Глава XIX. «Кастрюлькины» скандалы

19 февраля, 2017, Автор: Andre Категории:Чужие сны или ...,

Глава XIX

«Кастрюлькины» скандалы

 

 

Увидев входящего в отделение Строгинова, дежурный Лобудько, наливавший из термоса чай, встрепенулся и чуть не ошпарил колени.

— Василич, ну, слава Богу! Хоть ты появился. – Затем, заметив идущего сзади Игорева, закричал: — А ты где шляешься, мать твою. У нас тут убийство, а в канторе да же опера дежурного нет. Без году неделя, как пришел, а туда же. Нашел время личными делами заниматься, хоть бы сказал что уходишь. Вот напишу на тебя раппорт начальнику, будешь знать тогда.

Строгинов из-под тишка показал Игореву кулак, а дежурному сказал:

— Чего орешь? Какое убийство?

— Может, и не убили еще конечно, но все равно дежурный опер должен быть на месте.

— Правильно говоришь, Пантелей Романович, дежурная смена должна быть вся на месте, а писать дело долгое и пустое, мы его своей властью накажем или два майора лейтенанта не выучат? – И при этих словах отвесил Игореву затрещину.

Не ожидавший столь скорого наказания Сергей отпрянул и огрызнулся:

— Охренел что ли?!!

— Не хами, а то еще получишь, — спокойно ответил Колюшка, и обратился к дежурному: — Так что случилось?

Увидев, какой эффект произвели его слова, Лобудько заговорил спокойнее:

— Самарин звонил. У него какая-то жительница пришла, говорит, дома муж любовника убивает или любовник мужа, я толком не понял и у кого-то из них пистолет.

— Или пулемет? – с усмешкой спросил Колюшка.

— Вот сходи и разберись.

— А Самарин, что сам не может? У нас, что участковый уже не милиционер?

— Да говорю же там пистолет.

— А у Самарина, что в кобуре бутерброд? Ладно, Игорев, пошли, а то участковый и в правду, без нас вооруженного задержит и один напьется. – И уже с крыльца крикнул дежурному: — Позвони Володьке, скажи, сейчас подойдем.

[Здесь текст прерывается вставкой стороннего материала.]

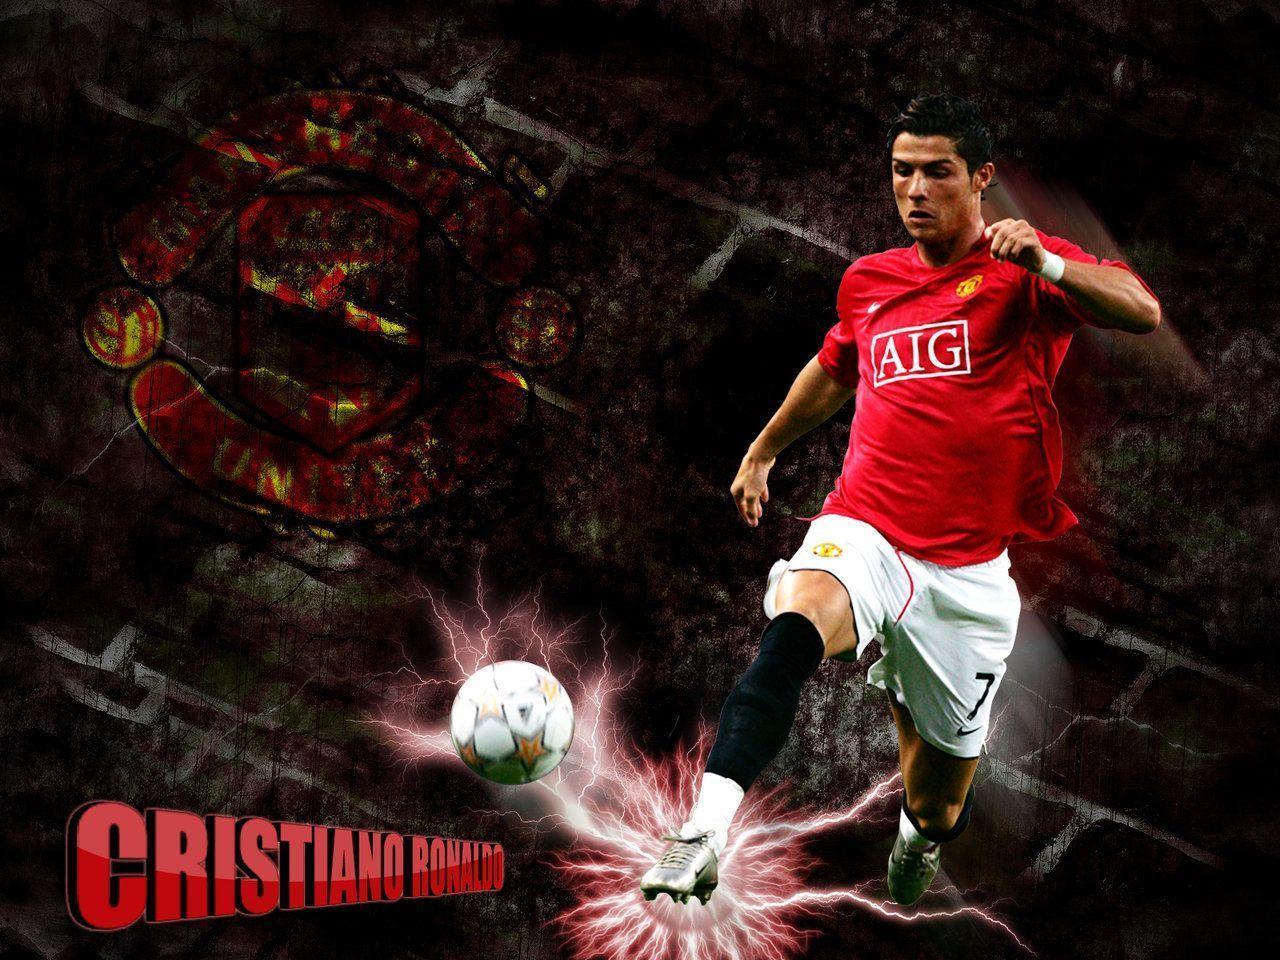 Cristiano Ronaldo Wallpaper Picture. High Definition Wallpaper

Зайдя за угол отделения, Колюшка обернулся на идущего на приличном расстоянии за ним и почесывающего затылок Игорева.

— Ладно, придуряться-то, Сереж. Можно подумать тебе больно.

Игорев не ответил.

— Ты, пойми правильно – это же я за тебя заступился.

— Не фига себе благодетель. Ты бы еще дубинкой заступился.

— Ты, слушай, что я тебе говорю. Ты ведь Лобудько не знаешь совсем, а он свое слово держит. Сейчас бы в раз раппорт на тебя накатал. Один дурак написал бы, другому решение пришлось бы принимать. Выговор конечно ерунда, снимут через год или вместо премии. Тебе что премия не нужна?

— Нужна, — начиная успокаиваться, ответил Сергей.

— Ну, вот видишь. А то и звание могут задержать. А так я вроде тебя, как наставник наказал и Лобудько успокоился и у тебя проблем нет. Правильно я говорю?

— Ну, ты, прям Макаренко, — сказал Сергей, нагоняя Николая.

— Так мир что ли? – видя, что Сергей перестал хмуриться, спросил Колюшка, протягивая ему свою широченную ладонь, в которой рука Игорева потонула, как в рукавице. От искреннего майорского рукопожатия у лейтенанта захрустели кости, но от побочных эмоций примирения он воздержался.

* * *

На опорном пункте милиции оперативники застали участкового Самарина, бравшего объяснение у женщины напоминавшей кобру – в круг обоих глаз расплывались огромные фиолетовые почти симметричные синяки. Она поминутно хватала участкового за руку, явно не давая ему писать, и при этом приговаривала:

— Чего уж писать-то товарищ участковый, писать-то время терять. Вы их так накажите-то и все. Палкой-то своей резиновой отходите их и достаточно. Ведь есть же у Вас палка-то, вот ей и поучите их. И чего оно Вам лишнее беспокойство-то писанина эта, али дел у Вас других нету. Пойдемте лучше сразу к нам, там, на месте все и решите, а то они допьют сейчас, да разойдутся.

— Так судя по твоему лицу, они уже давно «разошлись», — наконец отреагировал на ее причитания участковый, продолжая заполнять бланк.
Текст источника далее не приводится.